# eating propolis



## Guest (Feb 8, 2003)

can propolis be eaten straight out of the hive? What is its taste and texture? Is it better to chew or just swallow? Thanks!!


----------



## Michael Bush (Aug 2, 2002)

I have not tried eating it out of the hive, I have taken it in capsules. I have chewed some before. The taste depends on where they are gathering it. It could be anything from pine/turpentine kind of taste to other things. Sometimes it's pretty bitter.


----------



## Hook (Jun 2, 2002)

I don't think I would want to eat it either. My understanding of it, is it is basically tree sap that they gather, for sealing purposes. I think a steak would taste alot better!

------------------
Dale Richards
Dal-Col Apiaries
Drums, PA


----------



## hrogers (Dec 16, 2000)

Howdy Raw --

Here in southwest Arkansas the resin from
SweetGum is used for propolis almost exclusively. We used it as chewing gum a lot
of years ago (when the penny for a pack of gum was not available). It has a pleasant taste, but must be at the right consistancy
or it will stick to the teeth.

Doc


----------



## dickm (May 19, 2002)

I have an article that states that propolis makes a mouthwash that will kill the germs that cause tooth decay. It has antibiotic properties in the hive as well. Thanks, trees.


----------



## Clayton (Dec 8, 2000)

There are two types of propolis in hives.

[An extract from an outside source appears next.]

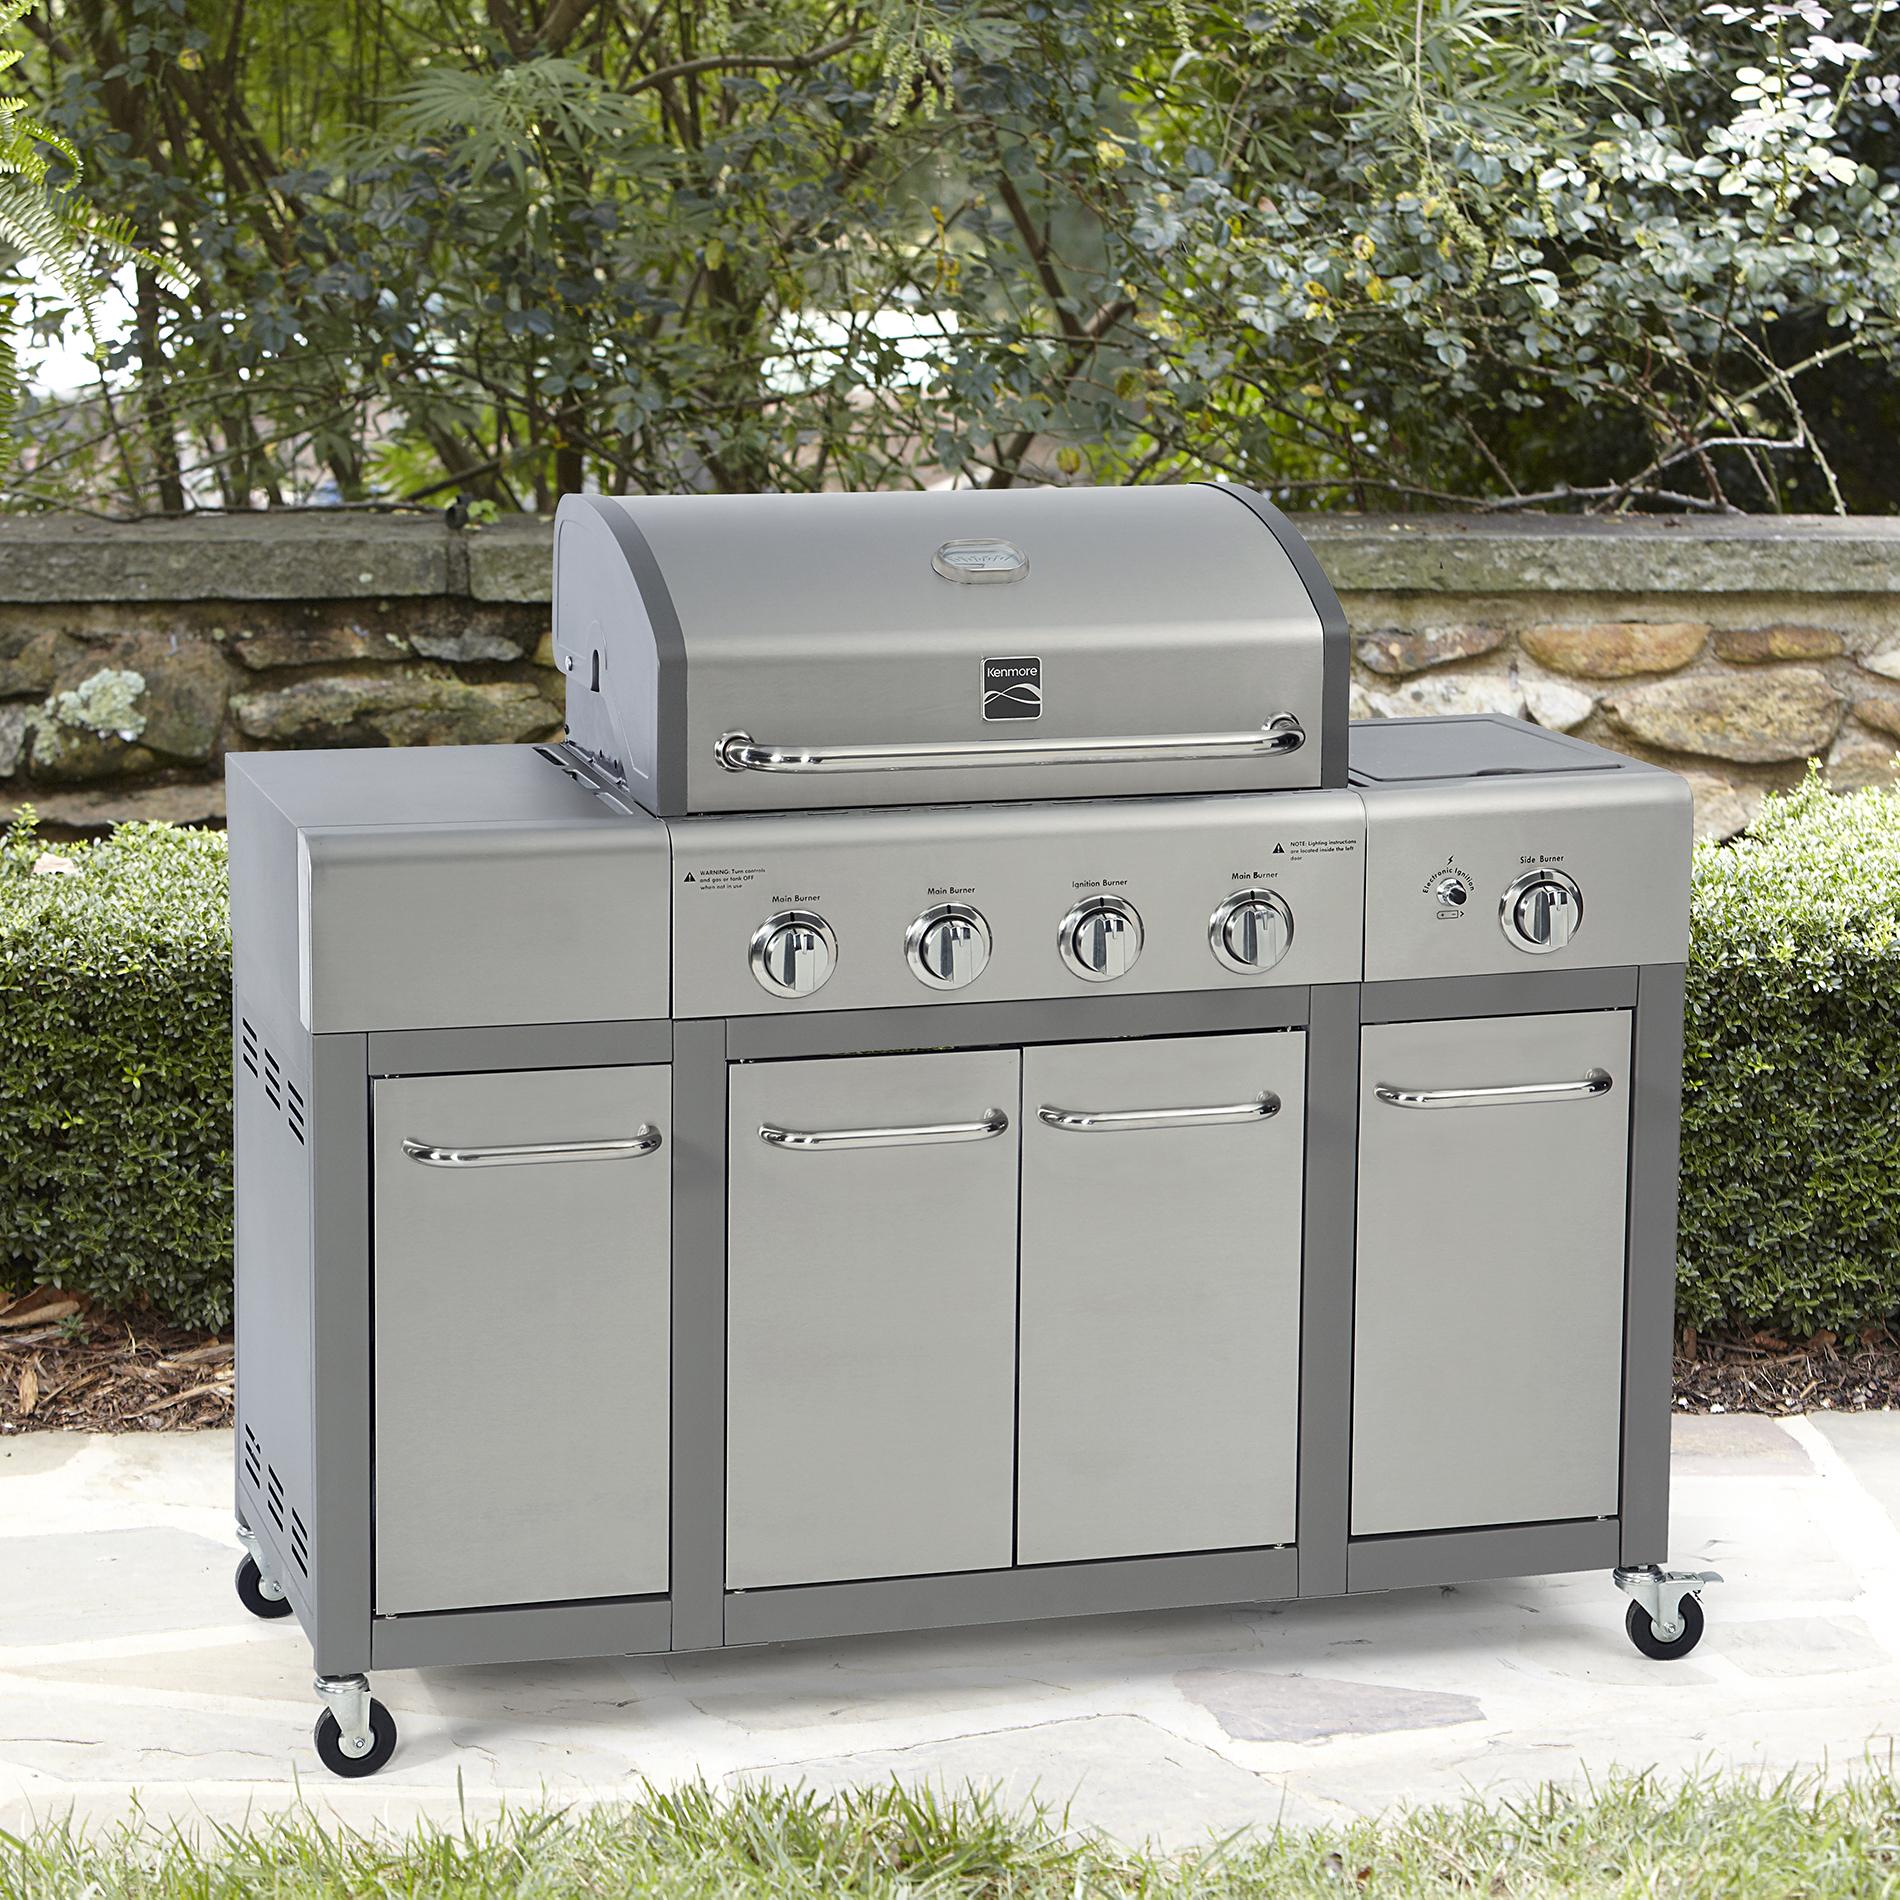 kitchen aid gas grill exhaust fans grills kitchenaid halflifetr info with

There is the hard resin and the soft glue like resin. For taking internally you should try to get the the hard resin. You scrap what you need for family or personal use. Then hand pick and clean it. Place it in small electric food processor like one would use to grind spices. This can then be placed in capsules or one can make a tincture by placing in alcohol. So to answer your question yes you can eat it out of the hive. It is rather bitter so I'd just swallow. Better off to place in capsules.

Clay


----------



## Guest (Feb 9, 2003)

Eating Propolis? Being from Europeen Backround I can tell you the best way to take propolis. Propolis is solubule in alcohol. However the only alcohol I know of for Human consumption is Polish Spiritus 196 proof.You take 6 heaping tablespoons of propolis and add to 1 liter of spiritus. shke bottle 2 times a day keeping it in dark place. At the end of seven days pour off the clear liquad into a dark bottle. take appx 15 to 20 drops into a small shot glass and fill with water. It will turn to what looks like milk. Drink and enjoy once in morning before breaffast and again before supper. Great for stomach ulcers kidney stones gall stones and any intestinal disorders. Been using for years. 65 years old and healthy.


----------



## rainesridgefarm (Sep 4, 2001)

DO NOT USE RUBBING ALCOHOL. YOU WILL GO BLIND AND MAY DIE. ONLY USE EVERCLEAR GRAIN ALCOHOL OR 151 RUM. UNLESS THE ALCOHOL CONTENT IS HIGH ENOUGH IT WILL NOT DISOLVE THE PROPOLIS. ALSO DO NOT HEAT THIS OR USE IT NEAR A FLAME. IF YOU SMOKE STAY CLEAR WHEN USING.


----------



## Robert Brenchley (Apr 23, 2000)

I dissolve the propolis in vodka. It takes a while, and the taste is best left unmentioned, but its a superb treatment for mouth ulcers. Rubbing alcohol would be all right for external use, but vodka-based tincture can be used for either, so what's the point? The stuff's seriously dangerous if youy drink it.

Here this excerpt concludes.